Он присматривался к неоднородному коллективу сотрудников фонда, отмечал среди них людей индифферентных и докучливых, циничных, трусливых и равнодушно-бесстрастных, каждым интересовался в кадровом отделе и пытался систематизировать их по какой-то своей, на чутье основанной градации. На удивленье, чутье еще не атрофировалось: в каждом отделе на десяток спецов приходилось по одному-два человека, казалось бы, не имевших отношения к его непосредственной деятельности. Хладнокровными и безразличными к проверке были нестарые еще офицеры запаса, наличие которых в таком фонде было не удивительно и не доказывало причастности «Прометея» к уголовщине. Но Илларионов знал подоплеку проверки, а потому отнесся к кадровому подбору с подозрением. Подобным делом он занимался лишь единожды, на заре своей следовательской молодости в Краснознаменном Дальневосточном.
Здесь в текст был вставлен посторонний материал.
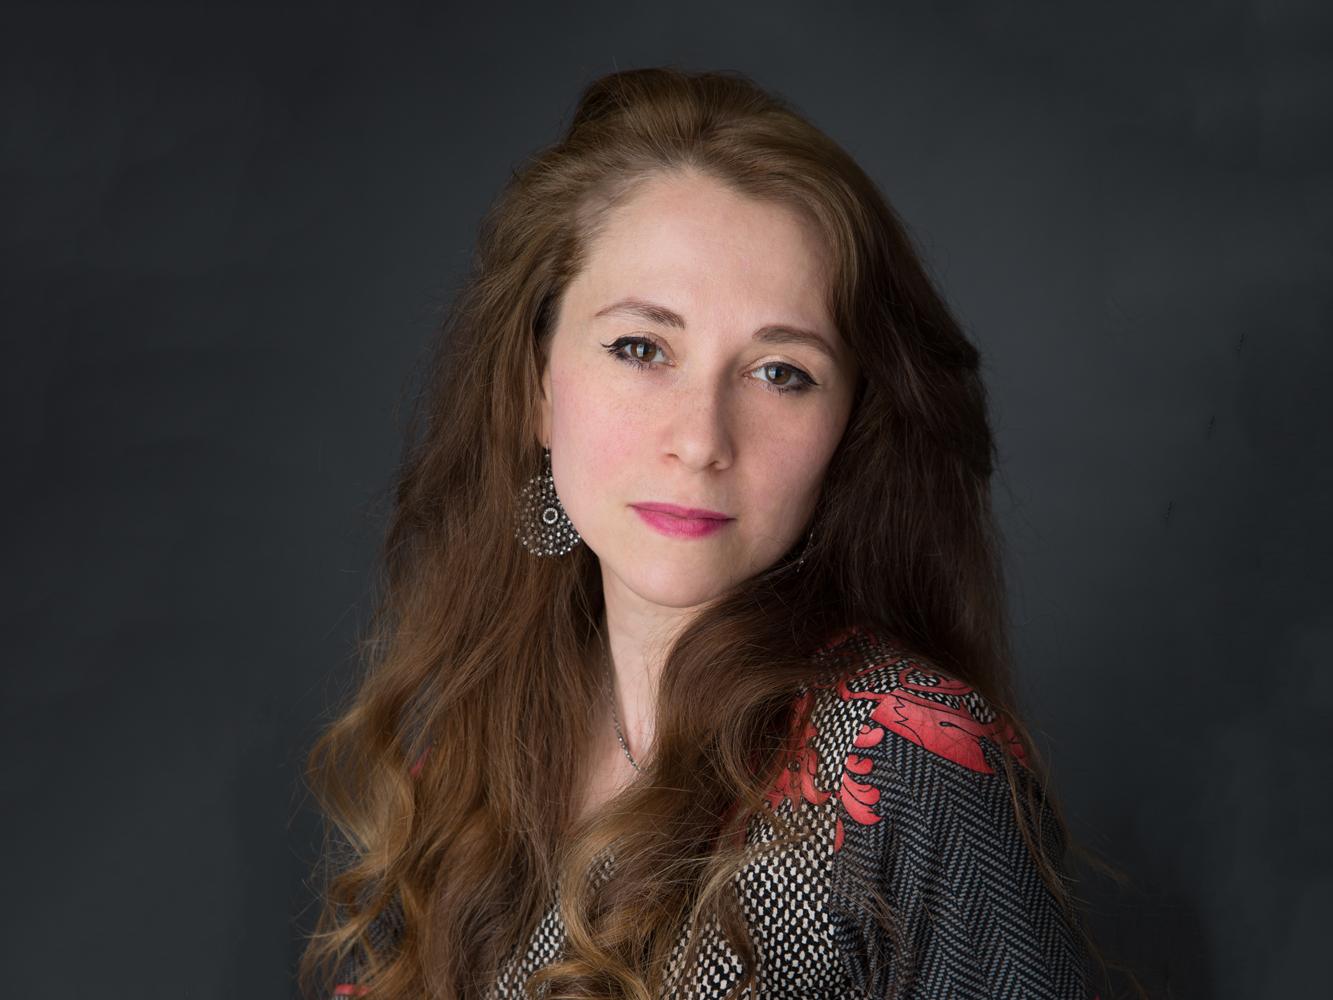 breastmilk-jewelry-anna-profile
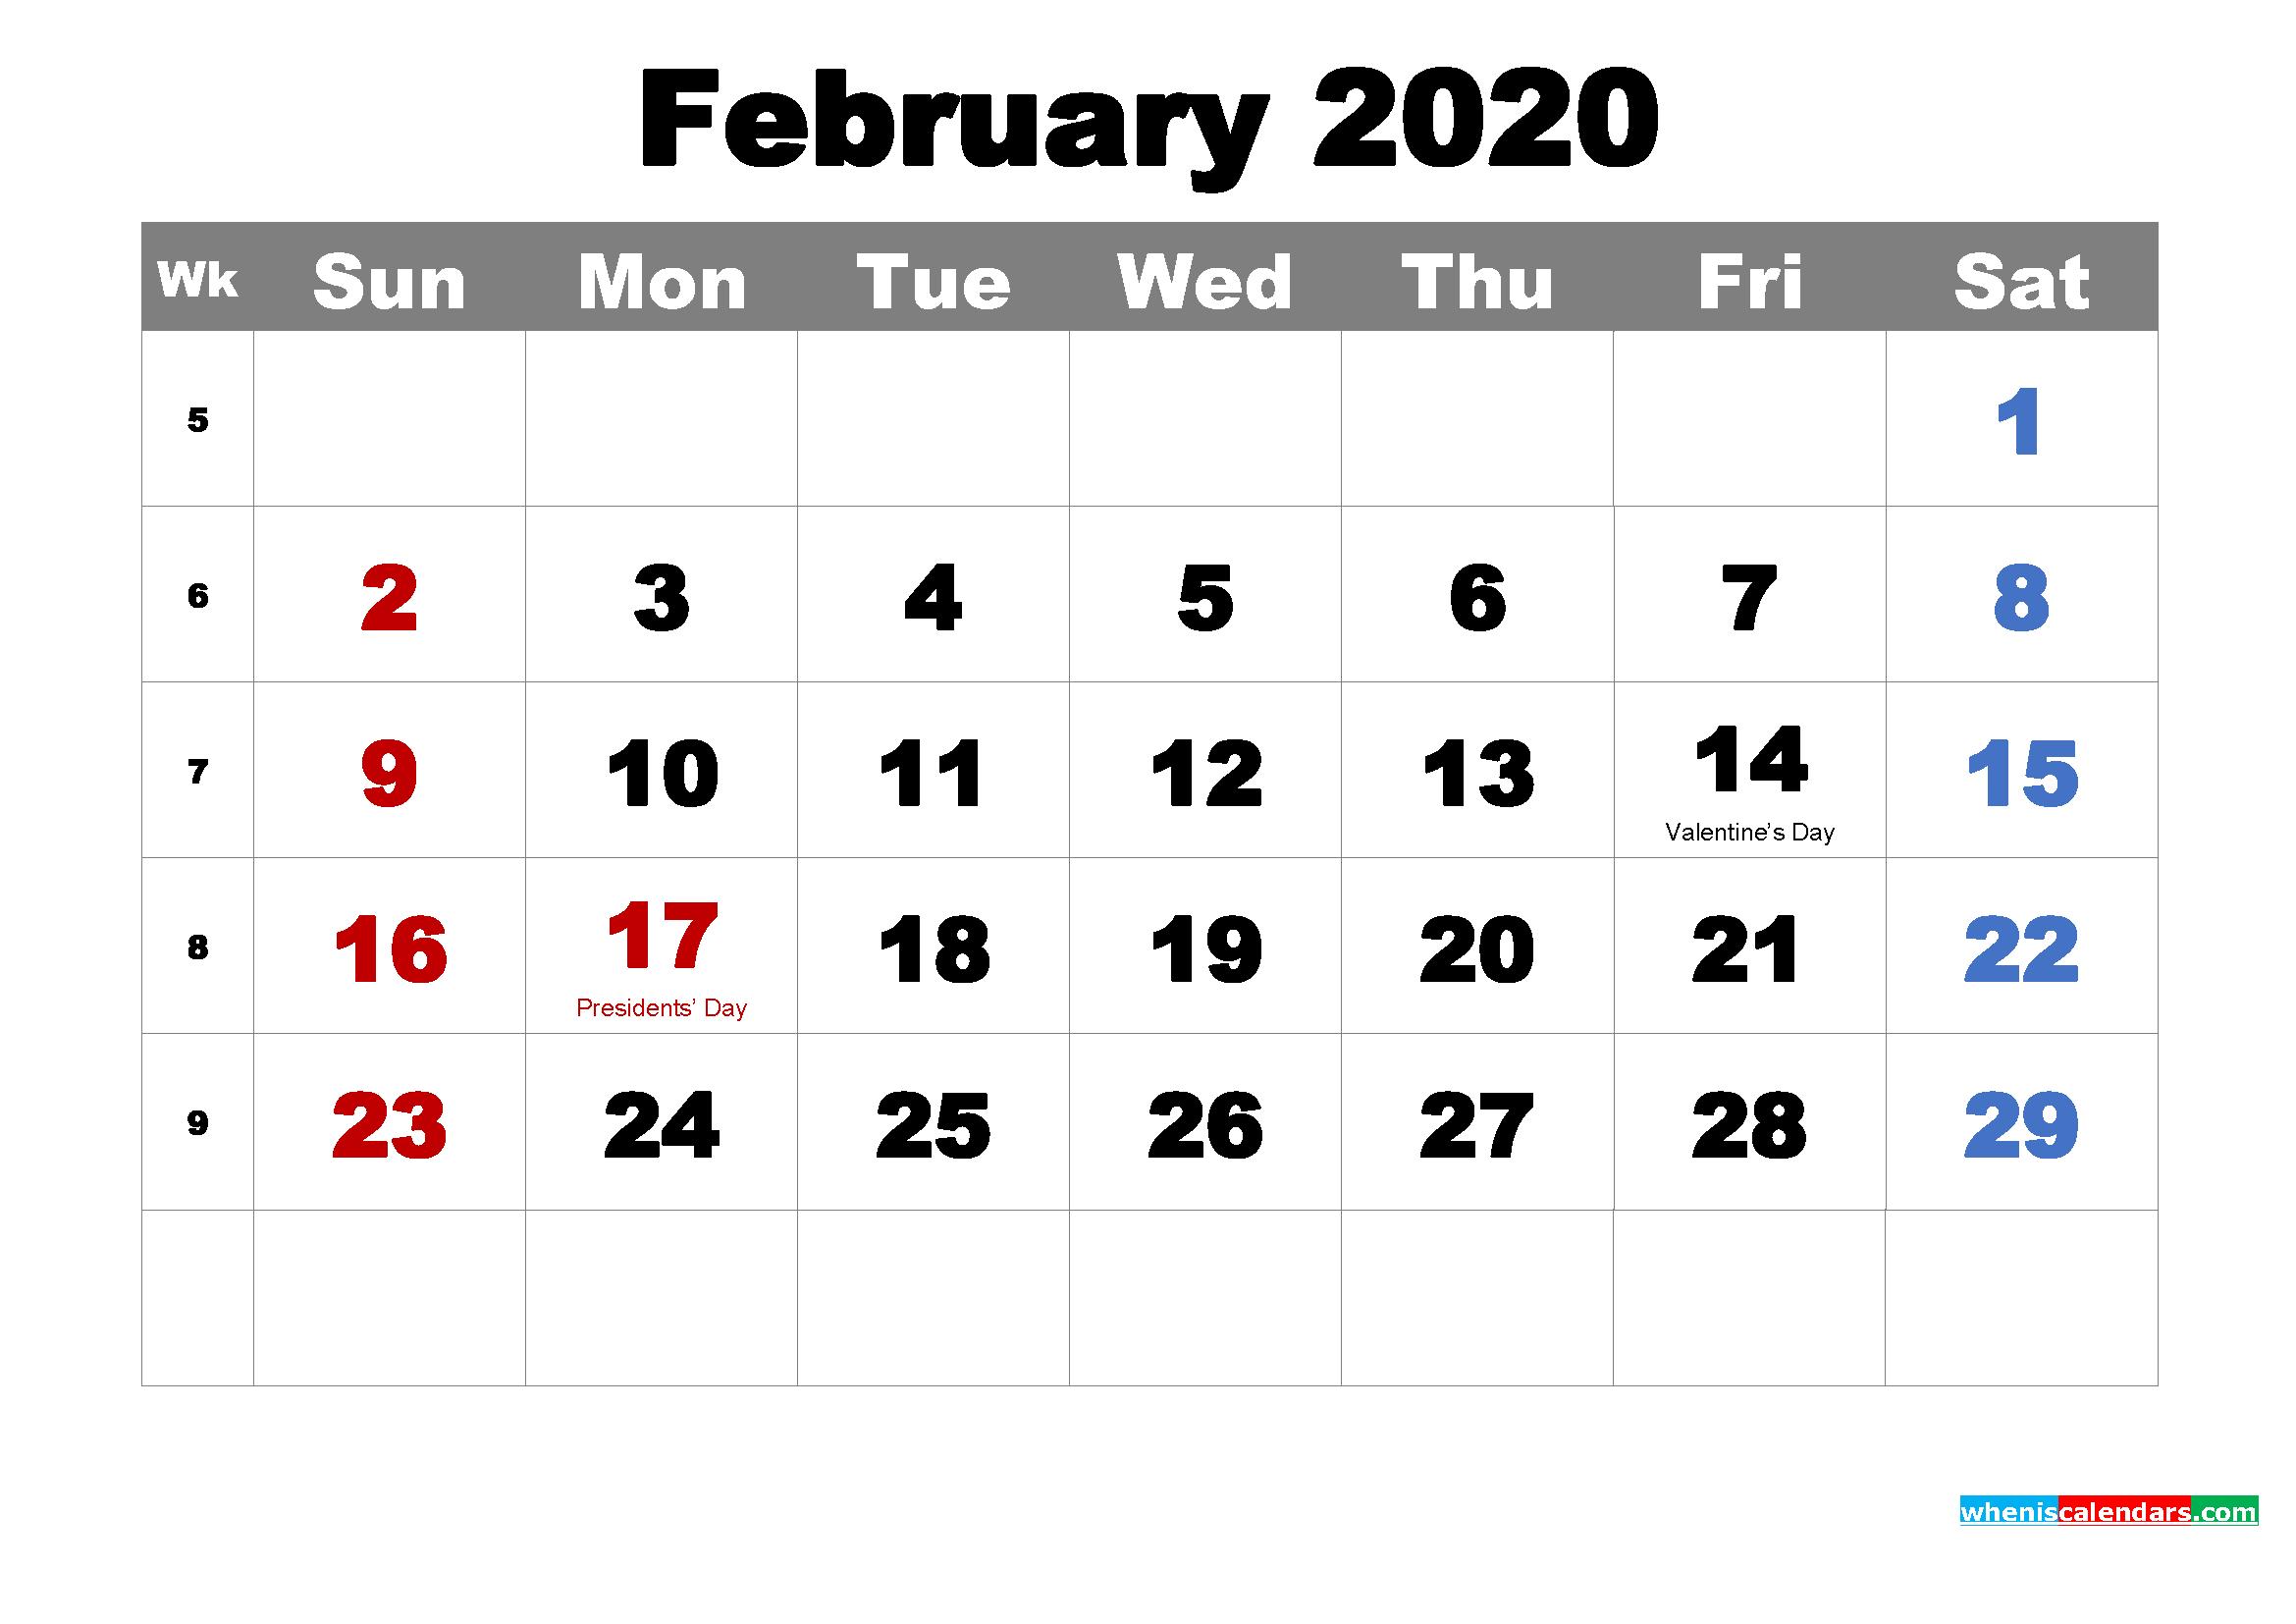 Printable Calendar February 2020 with Holidays as Word, PDF

Тогда ему в опечатанную комнату совершенно необъяснимым образом подбросили здоровенную болотную гадюку — уведомление о возмездии. И все-таки, на исходе седьмого дня Илларионов нащупал тонюсенькую ниточку умышленных нарушений, скрытых тщательностью, позволяющей истолковывать их двояко: как оплошность и как естественную в условиях рынка операцию. Не испытывая склонности к ревизорской работе, Илларионов тем не менее принялся разматывать эту скользкую ниточку, боясь ошибиться, привлечь внимание, вспугнуть. К концу срока, истраченного на бухгалтерский ликбез, затяжелела, вдруг затрепыхалась в чуткой руке наживка.
— Выглядите вы, Алексей Иванович, неважно, — сказал ему Швец с сочувствием.
— Под Богом ходим, — ответил Швецу, к которому питал глубокое и искреннее уважение. — Это, Петр Иванович, оттого, что в молодости не допил, не догулял, приходится расплачиваться за то, что мало грешил — организм своего требует.
Петр засмеялся: не часто слышал от Илларионова остроты.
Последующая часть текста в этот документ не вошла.